Thank you for replies.

A) So there are four forces?
Mg,Normal force from the wall and floor and Tension, but what about the direction?

B) Do I use Parallel Axis theorem for this quesion?
Thanks!
 
TBBTs said:
Hi!
Thank you for replies.
Welcome to PF! :smile:

A) So there are four forces?
Mg,Normal force from the wall and floor and Tension,
Right.
but what about the direction?
What about it? Tell me the direction of each force.

B) Do I use Parallel Axis theorem for this quesion?
If you like. (Not really needed.) But what's the moment of inertia of a point mass about an axis?
 
Doc Al said:
Welcome to PF! :smile:


Right.

What about it? Tell me the direction of each force.


If you like. (Not really needed.) But what's the moment of inertia of a point mass about an axis?

Hi!
For first part of my question, I use
1) sin30* N + Fh(Force of hinge) = Mg Fy
2) Fx: T=Ncos30
3) Torque: T*Lsin60 + Mg*Lcos(60) - NL =0

Are these equations right? I am so confused about how to determine the r of the torque (The torque formula is FR but how suppose I determine R?)
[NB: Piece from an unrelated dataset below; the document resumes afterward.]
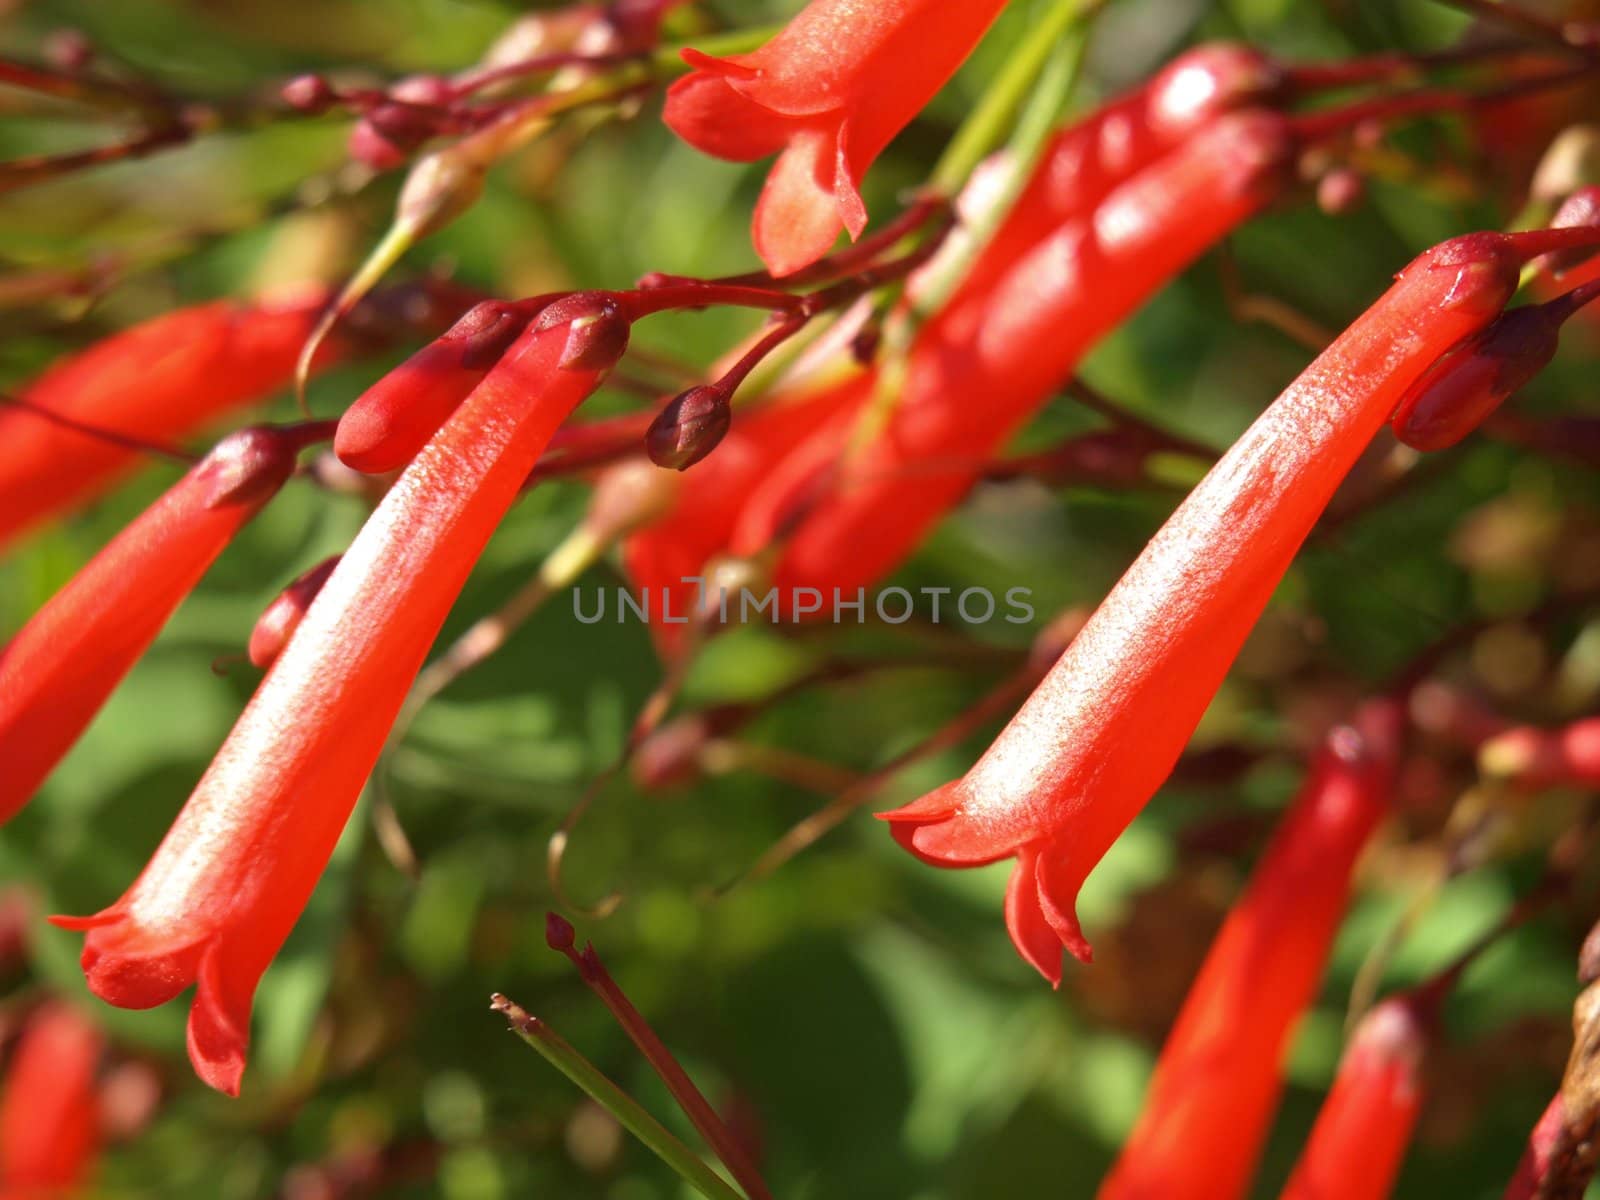 a close-up image of some red bellflowers

I am also confused about the direction of Torque,I know it supposed to use right hand rule and curl up my fingers to the direction its rotating,but since it is in equlibrium now,how suppose I know the way it is rotating?

Thanks!
 
Hi!
I tried Iend for two,so how about this?
(2/3)*(5+2)*0.5*0.5

Thanks!
 
TBBTs said:
For first part of my question, I use
1) sin30* N + Fh(Force of hinge) = Mg Fy
Please define N and Fh. (What hinge?)

Your diagram needs to be corrected. You have the normal force from the wall acting at some angle. It should be straight out from the wall, at 90 degrees.
2) Fx: T=Ncos30
Same problem.
3) Torque: T*Lsin60 + Mg*Lcos(60) - NL =0

Are these equations right? I am so confused about how to determine the r of the torque (The torque formula is FR but how suppose I determine R?)
When finding torque, R is the perpendicular distance from the line of action of the force to the pivot point.
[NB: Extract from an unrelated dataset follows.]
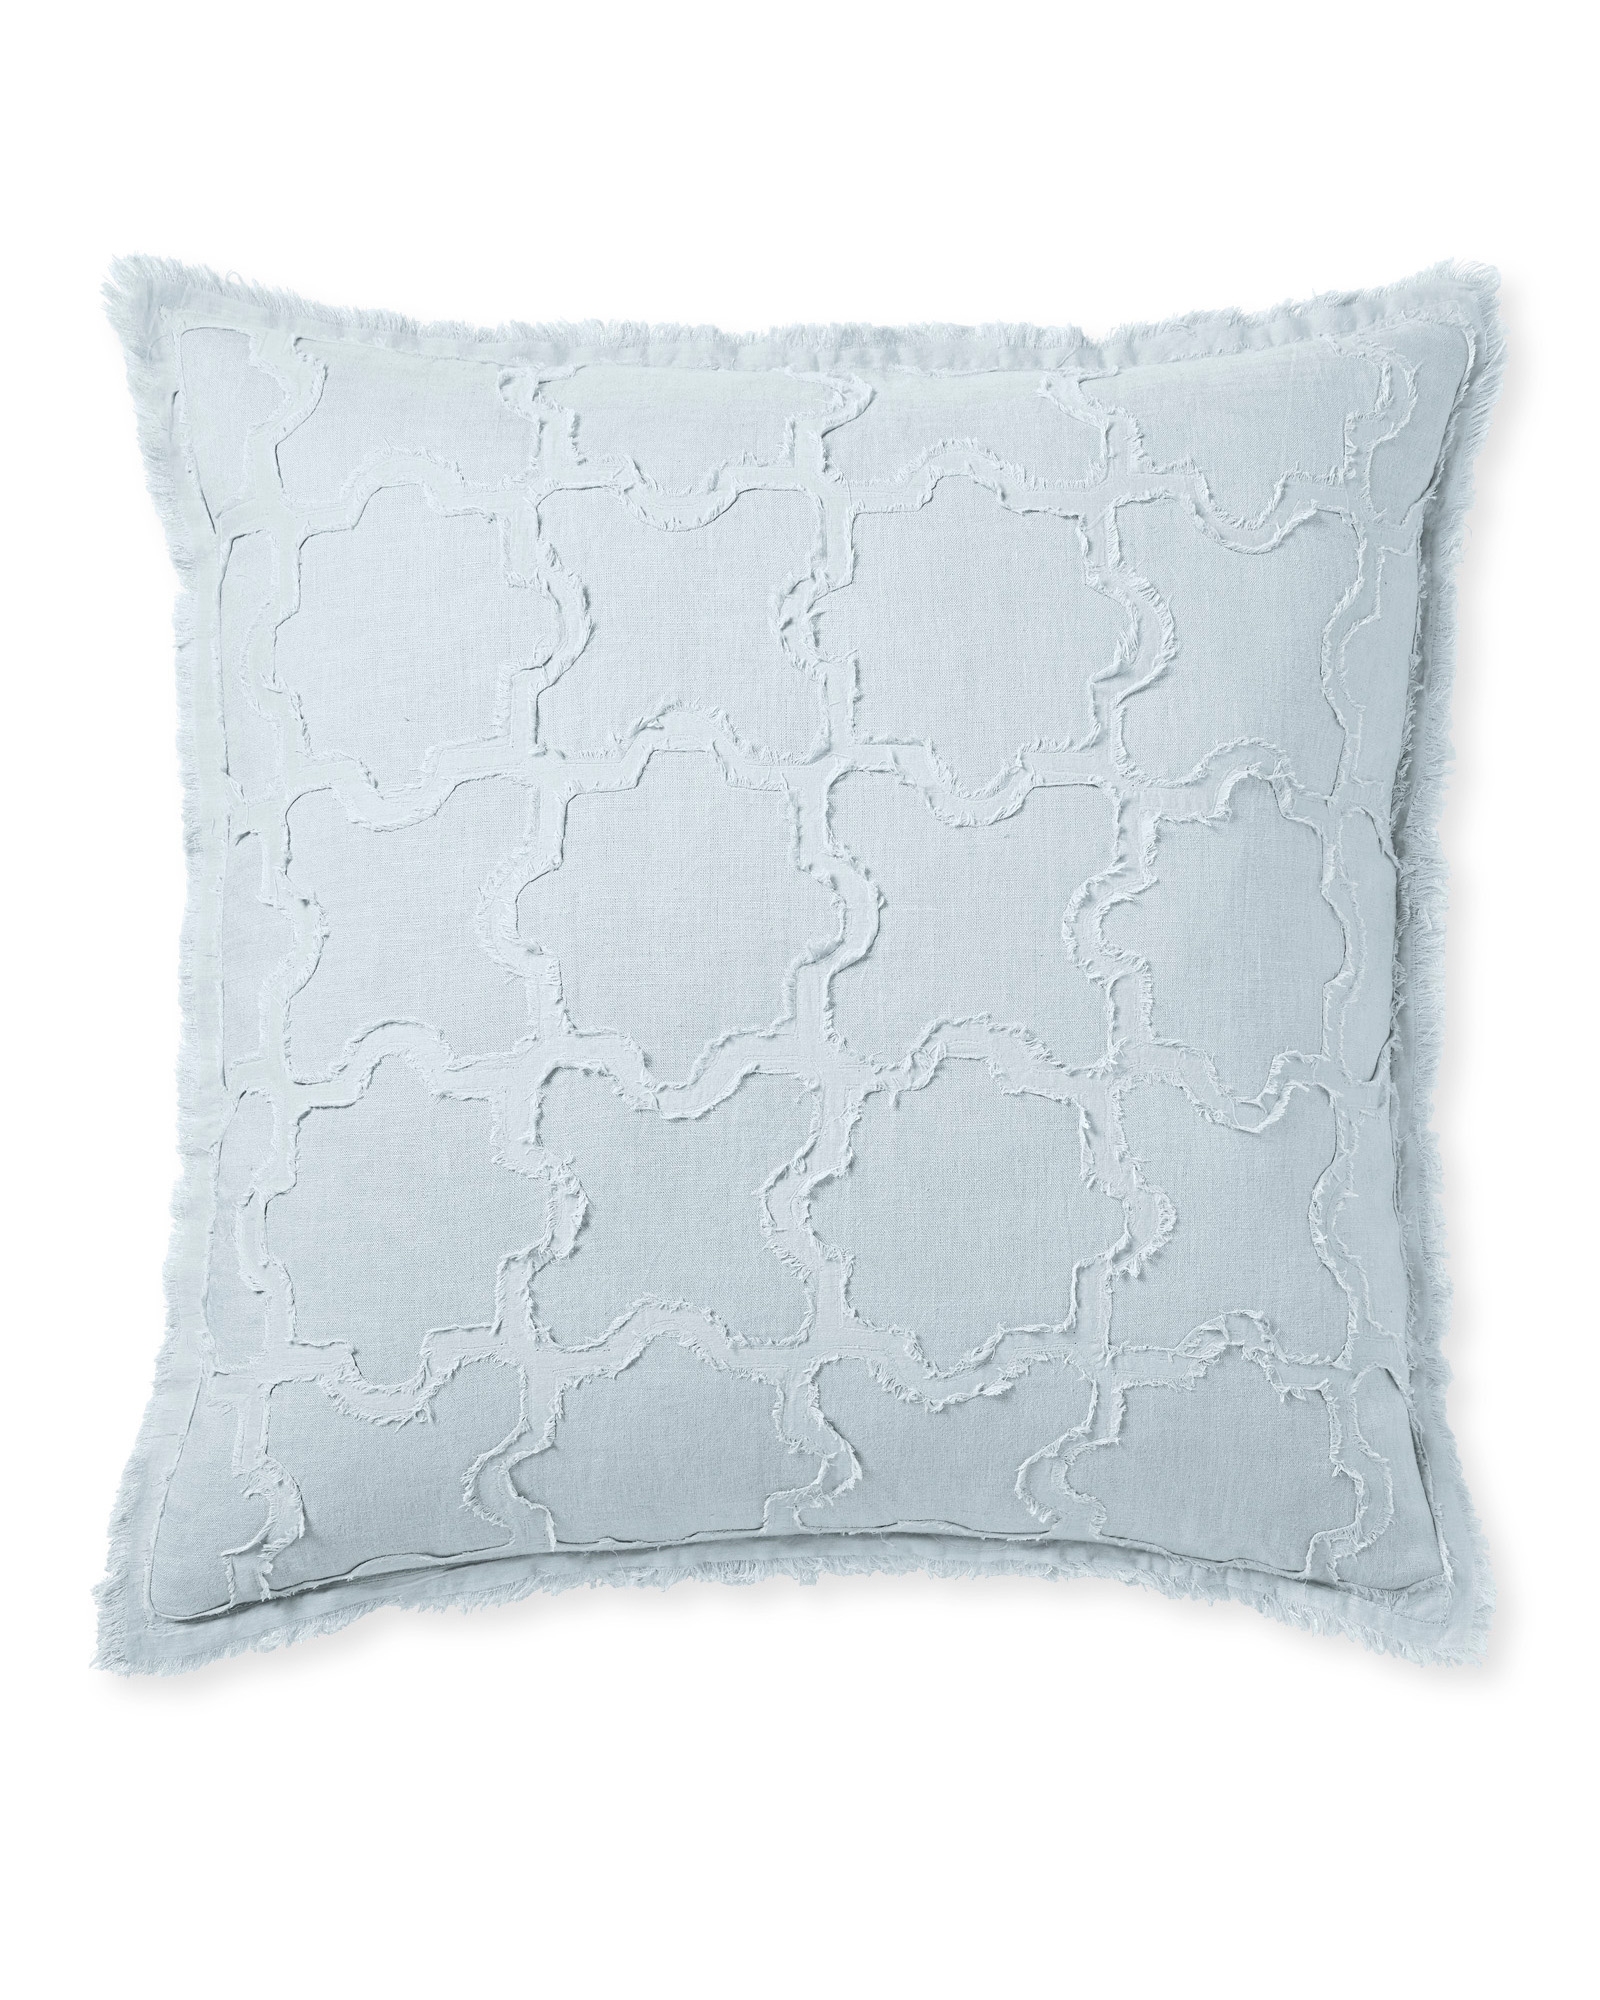 Barcelona Pillow Cover - Image 0

I am also confused about the direction of Torque,I know it supposed to use right hand rule and curl up my fingers to the direction its rotating,but since it is in equlibrium now,how suppose I know the way it is rotating?
You can just make counterclockwise torques positive and clockwise torques negative. (The right hand rule is useful for problems in three dimensions. Here you don't really need it.)

Start by fixing that diagram and showing all forces acting on the ladder. (I count four forces.)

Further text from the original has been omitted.